= Beginning of Section =

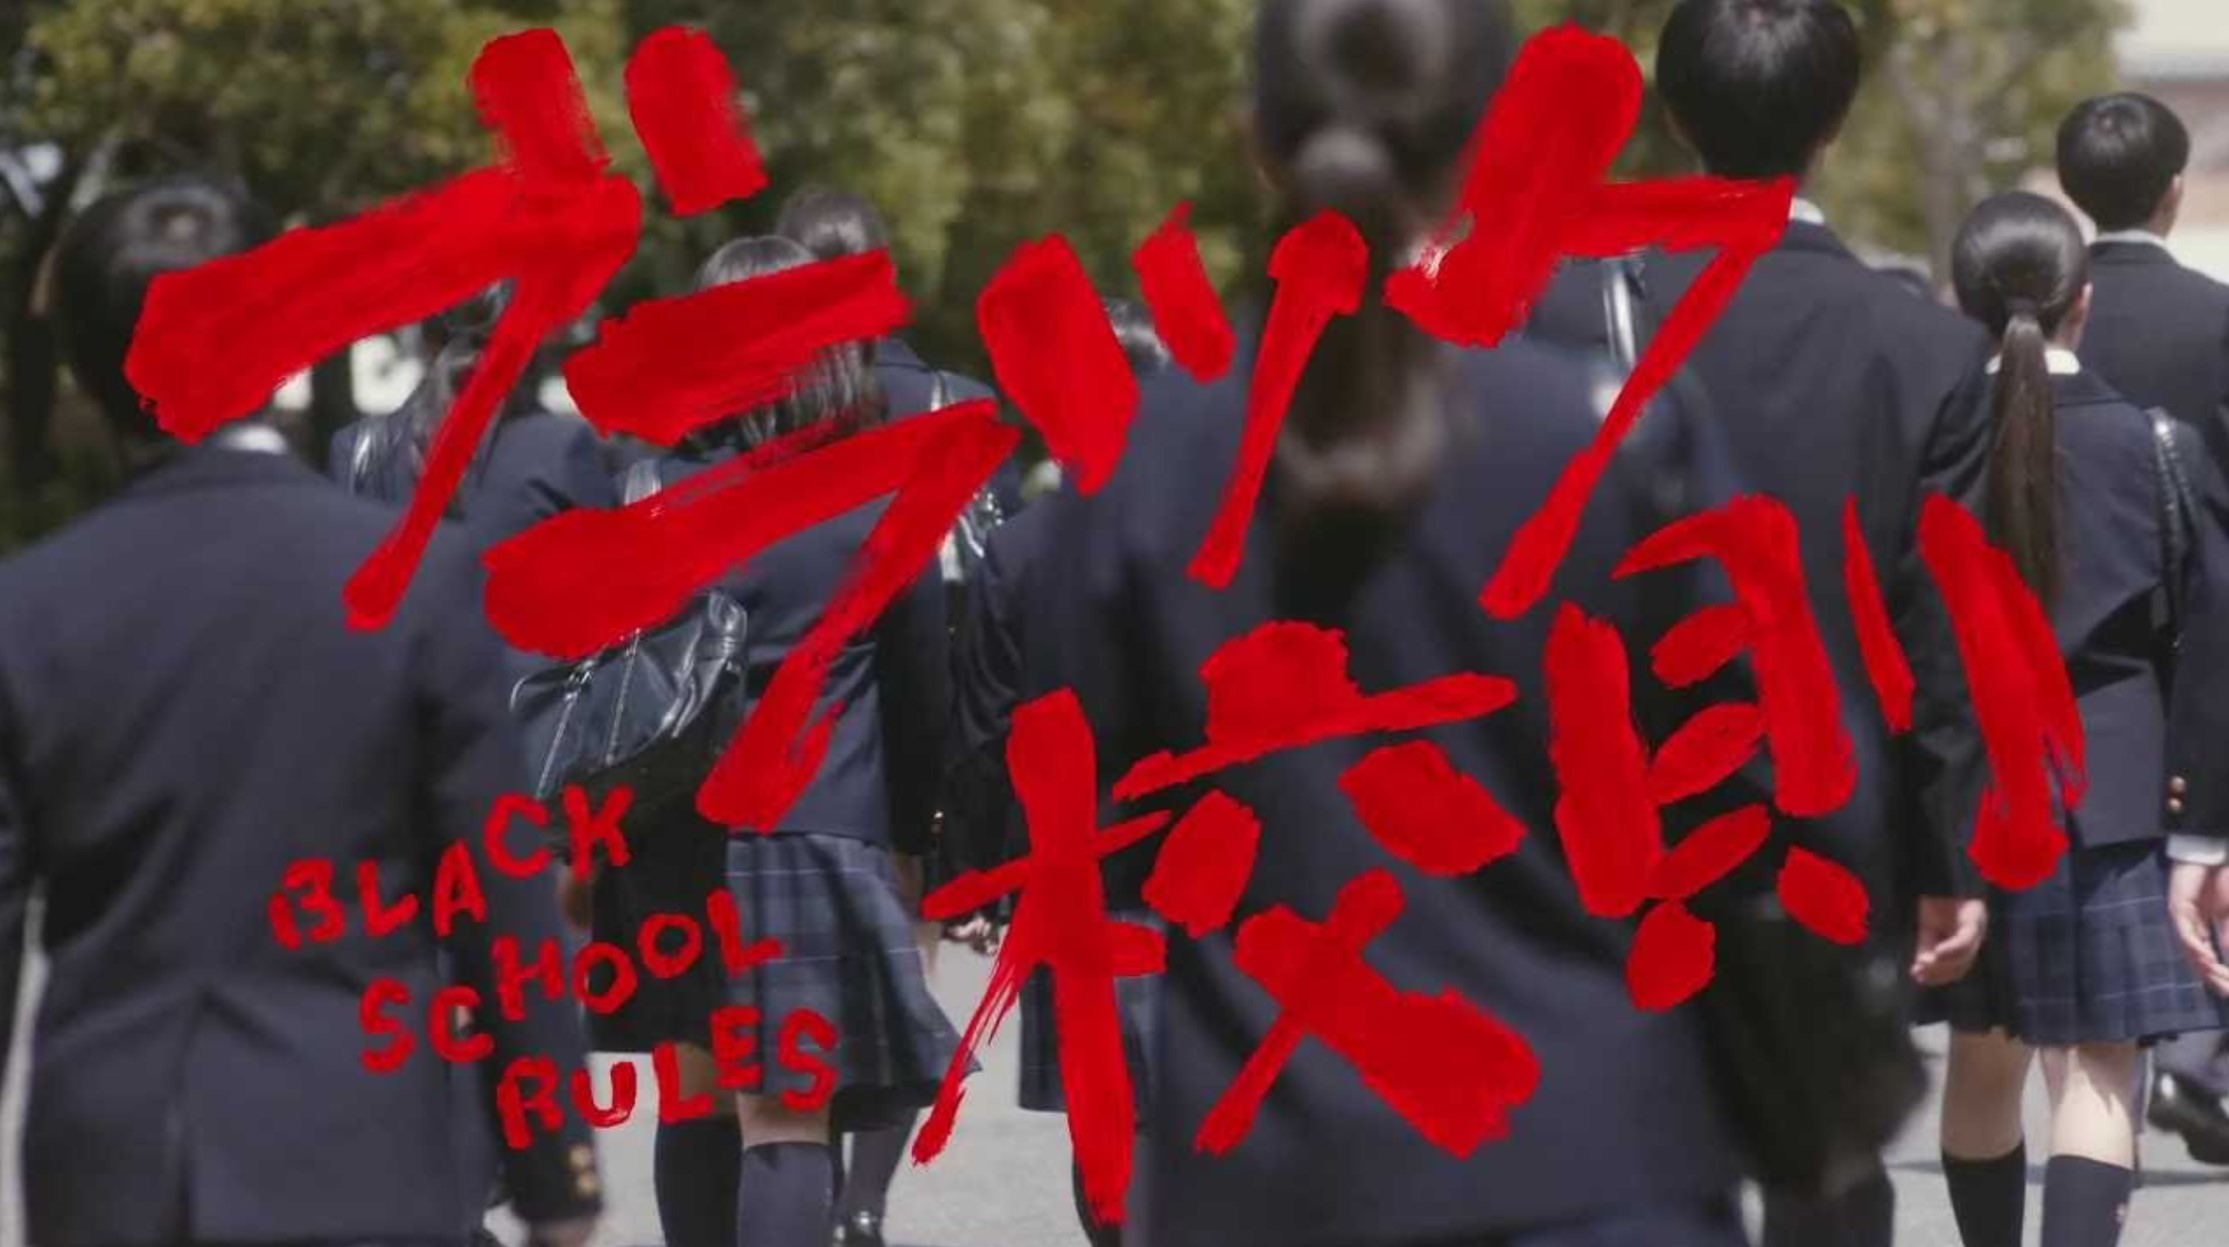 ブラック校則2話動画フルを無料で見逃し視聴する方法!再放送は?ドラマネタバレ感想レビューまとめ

= End of Section =
= Beginning of Section =

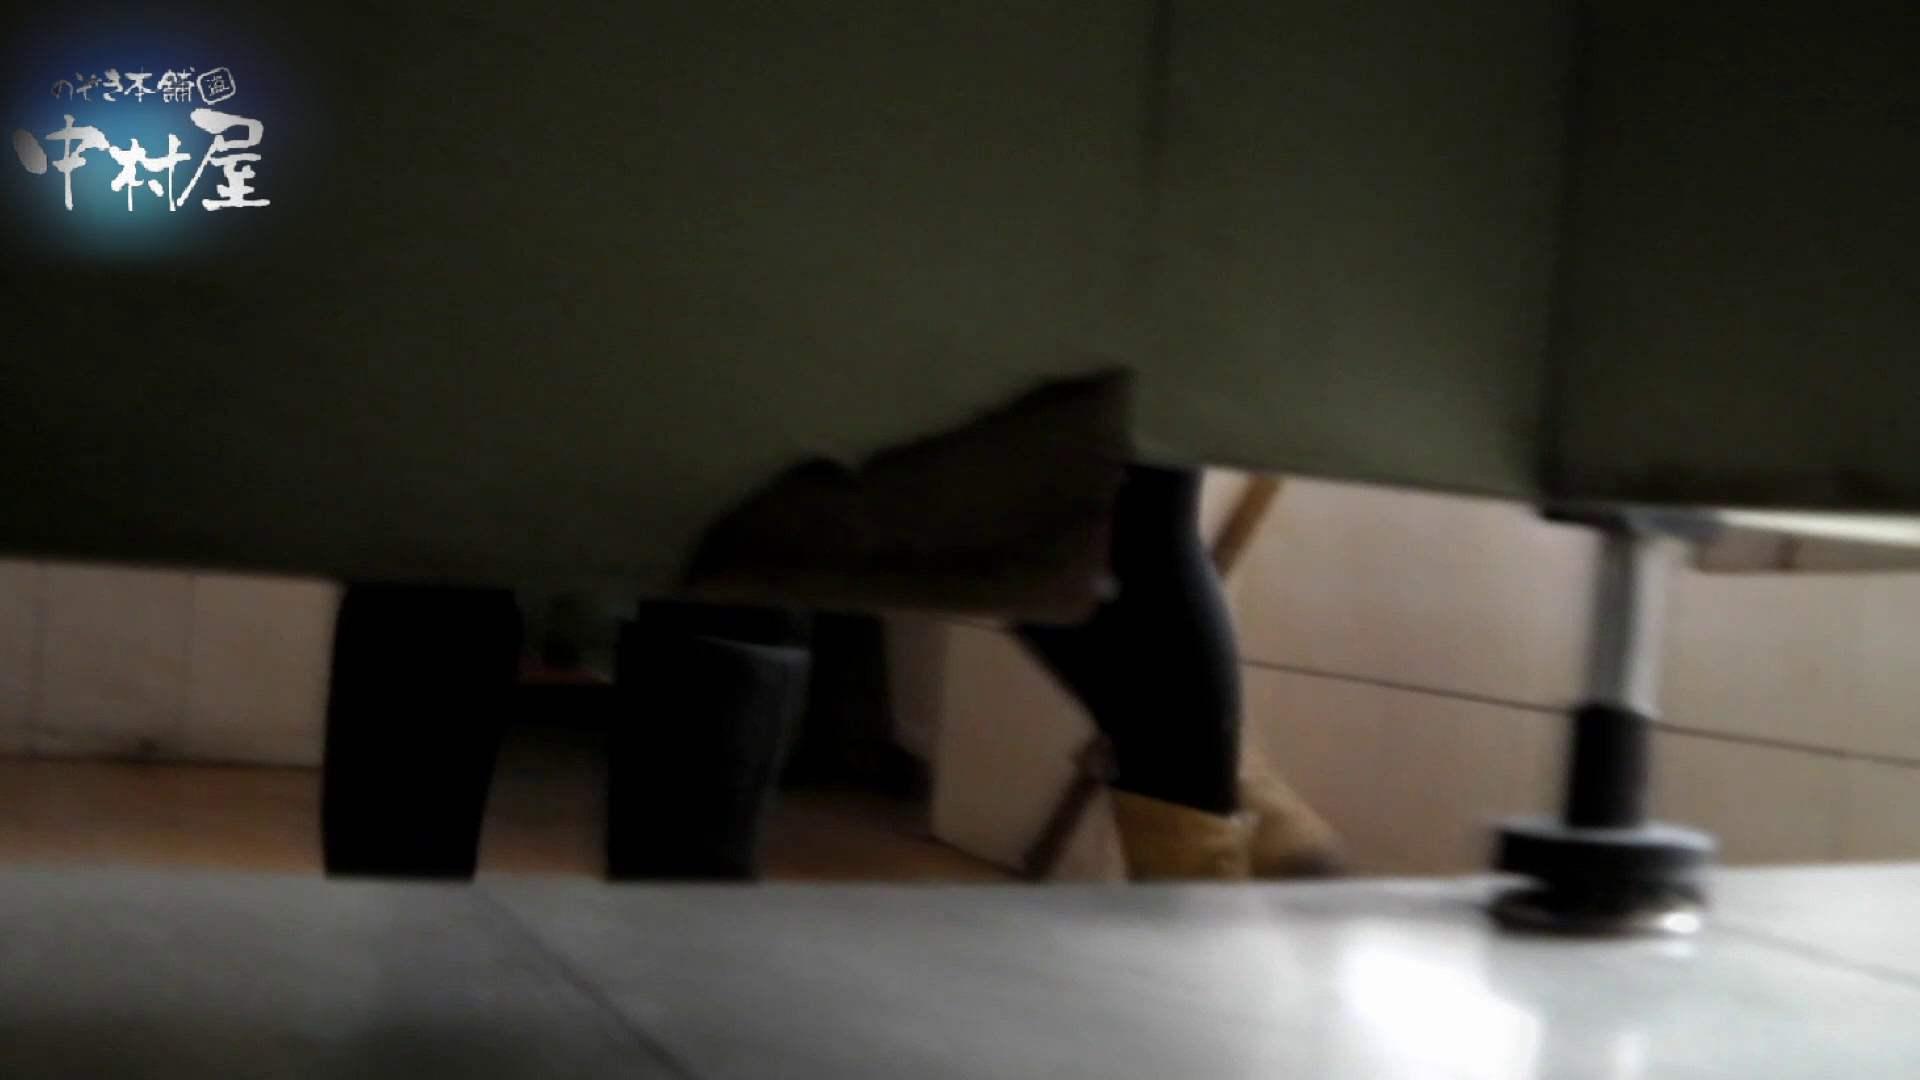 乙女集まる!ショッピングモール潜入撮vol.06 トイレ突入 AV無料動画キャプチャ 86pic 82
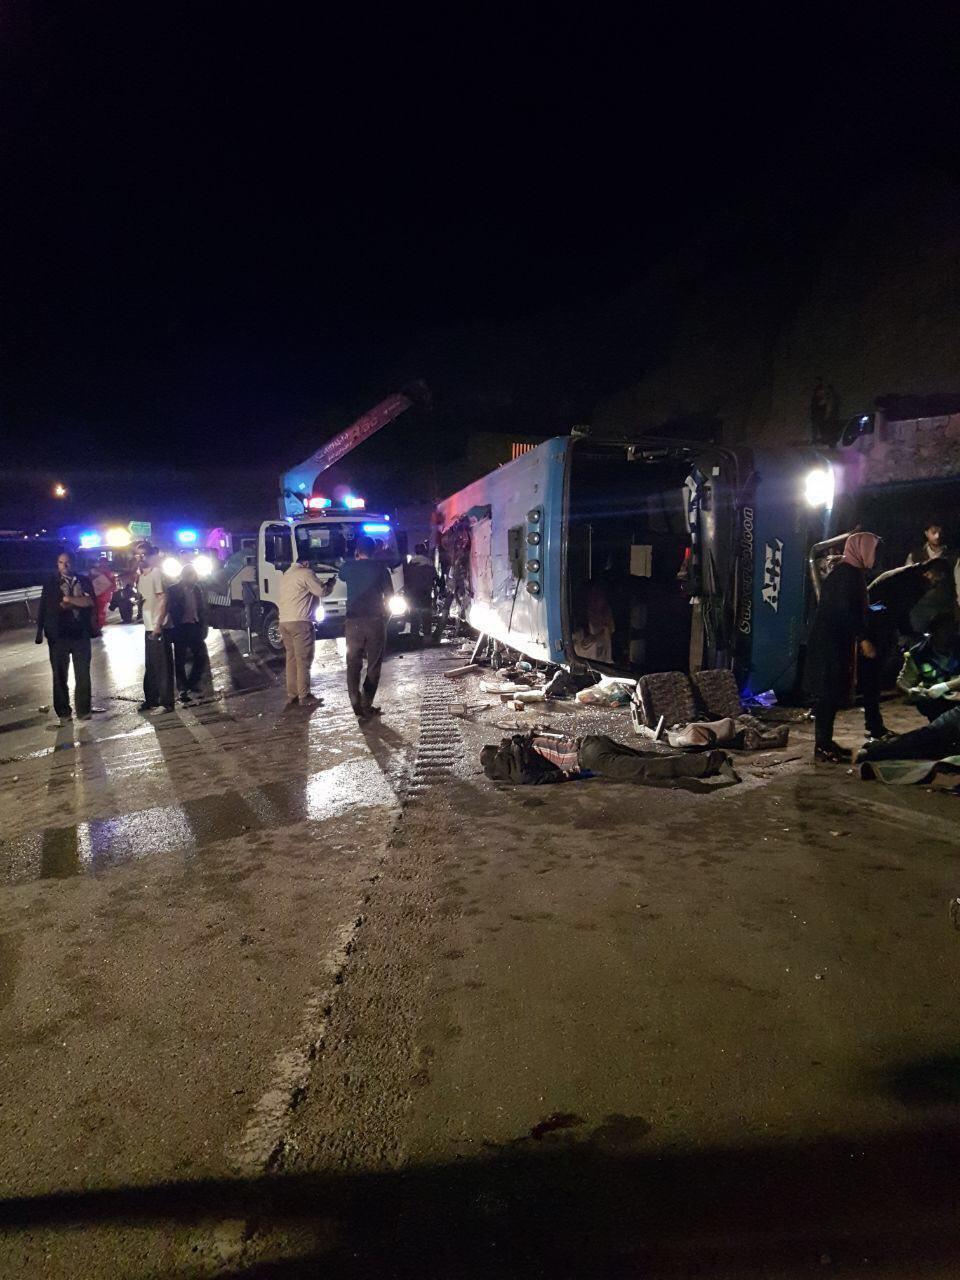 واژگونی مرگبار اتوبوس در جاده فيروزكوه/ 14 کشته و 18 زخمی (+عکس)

= End of Section =

Copy only the lines above from the one containing "乙女集まる!ショッピングモール潜入撮vol.06 トイレ突入 AV無料動画キャプチャ" through the one containing "واژگونی مرگبار اتوبوس", both included. Leave out the pictures.

ANSWER SPACE
 乙女集まる!ショッピングモール潜入撮vol.06 トイレ突入 AV無料動画キャプチャ 86pic 82
 واژگونی مرگبار اتوبوس در جاده فيروزكوه/ 14 کشته و 18 زخمی (+عکس)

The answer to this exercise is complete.